### Problem description
Return the full listing word for word, but drop every picture from it.

### Data block
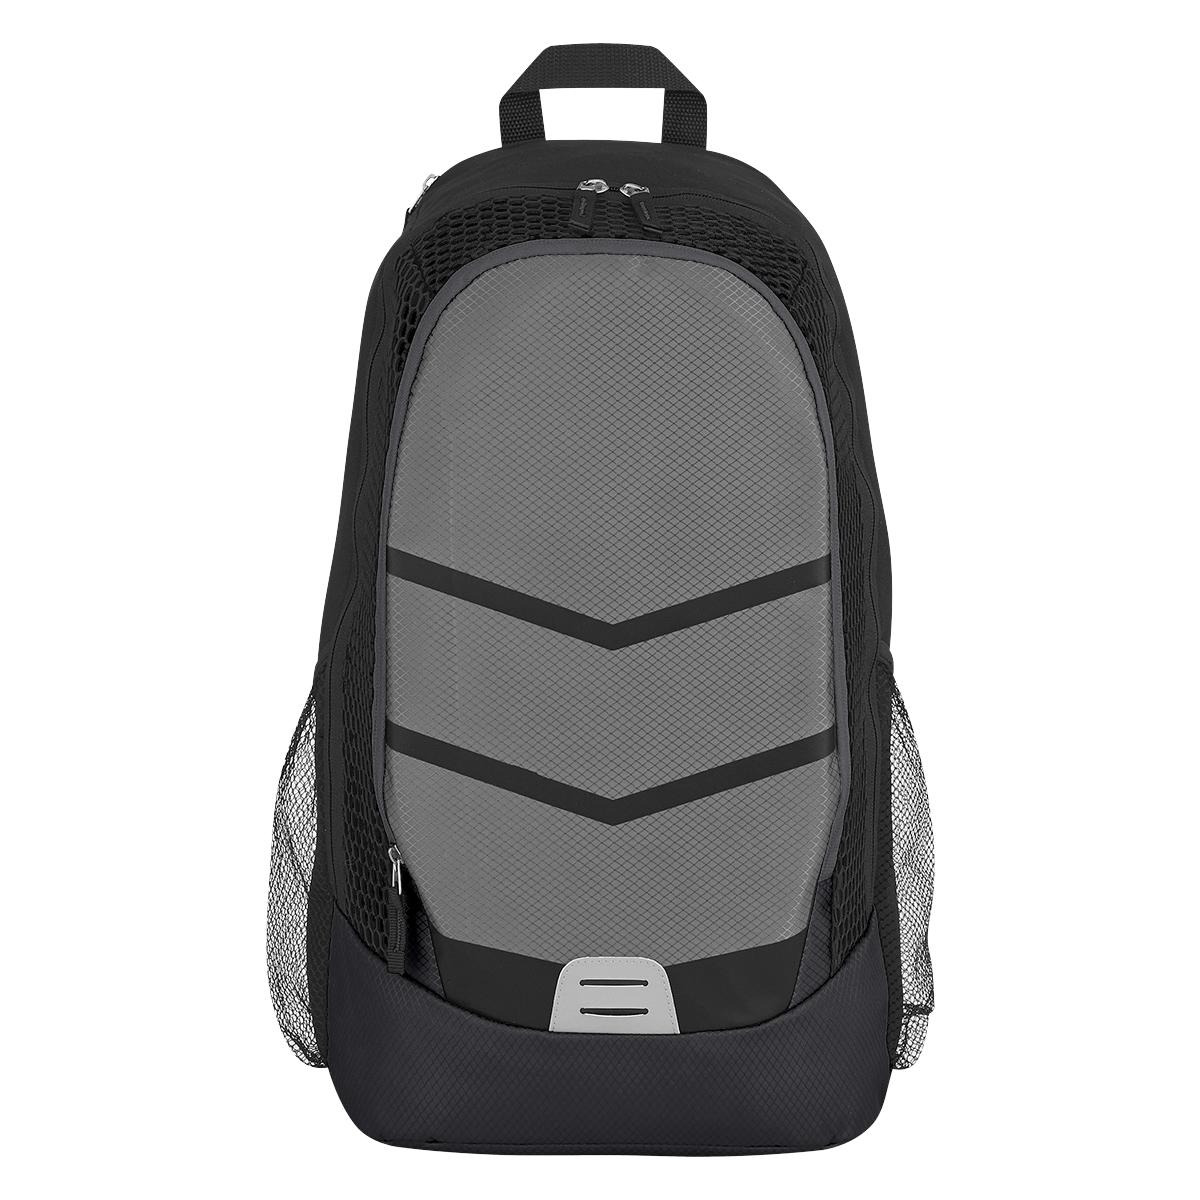 3410 - Back pack
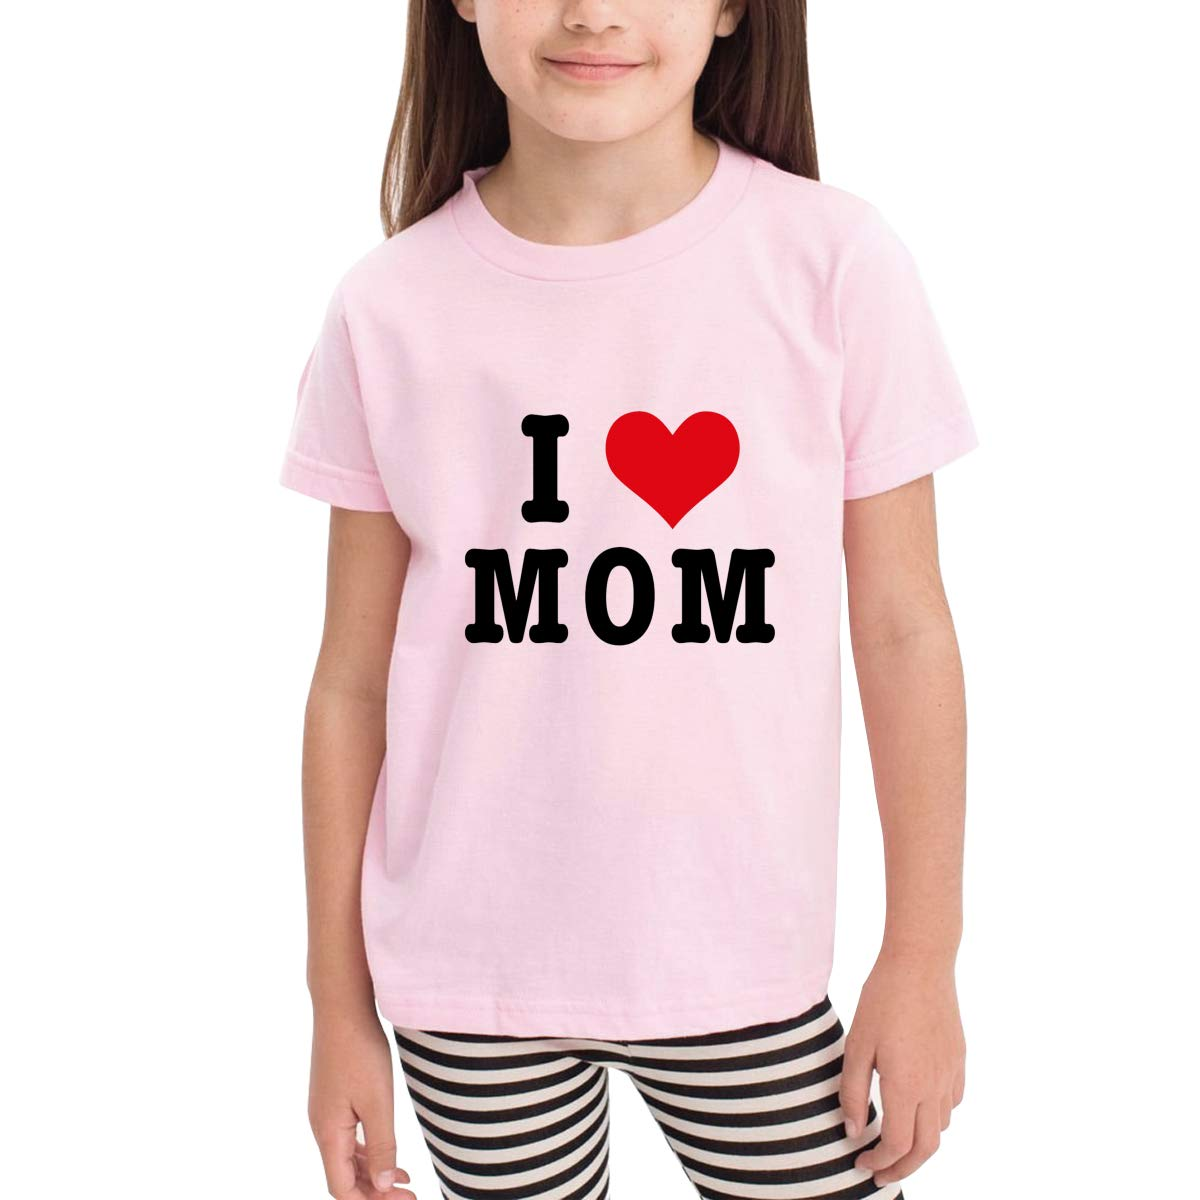 I Love Mom 100/% Organic Cotton Toddler Baby Boys Girls Kids Short Sleeve T Shirt Top Tee Clothes 2-6 T
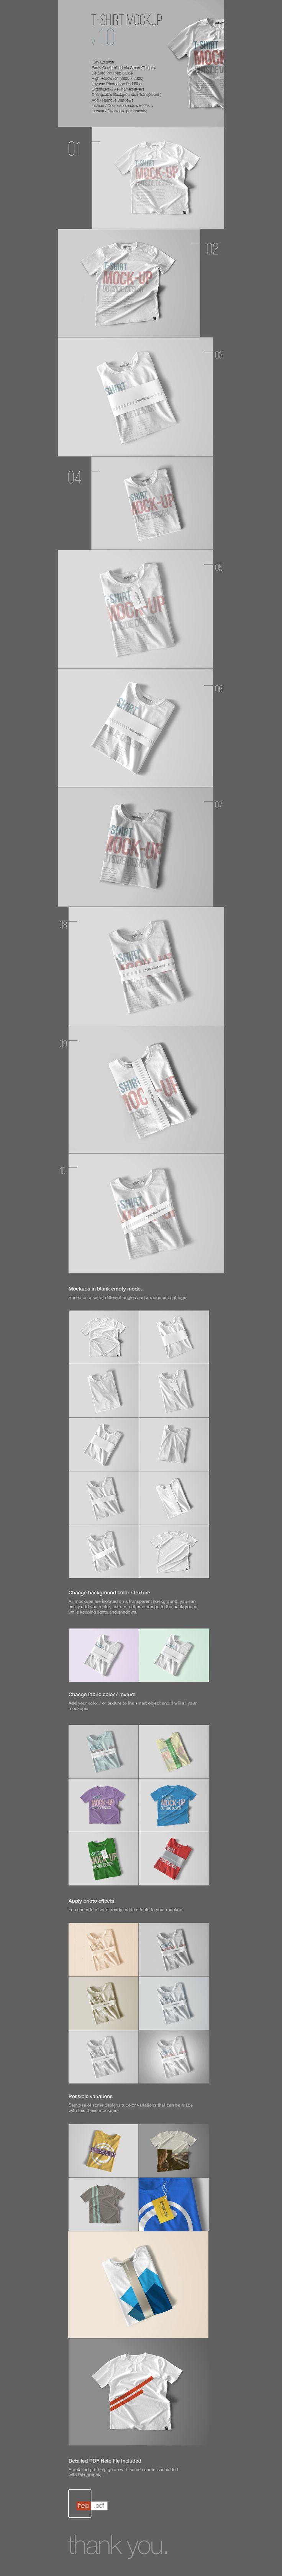 T shirt design app for ipad - Free Psd T Shirt Mockup Template 96 Mb Themeraid Com

### Written answer
 3410 - Back pack
 I Love Mom 100/% Organic Cotton Toddler Baby Boys Girls Kids Short Sleeve T Shirt Top Tee Clothes 2-6 T
 T shirt design app for ipad - Free Psd T Shirt Mockup Template 96 Mb Themeraid Com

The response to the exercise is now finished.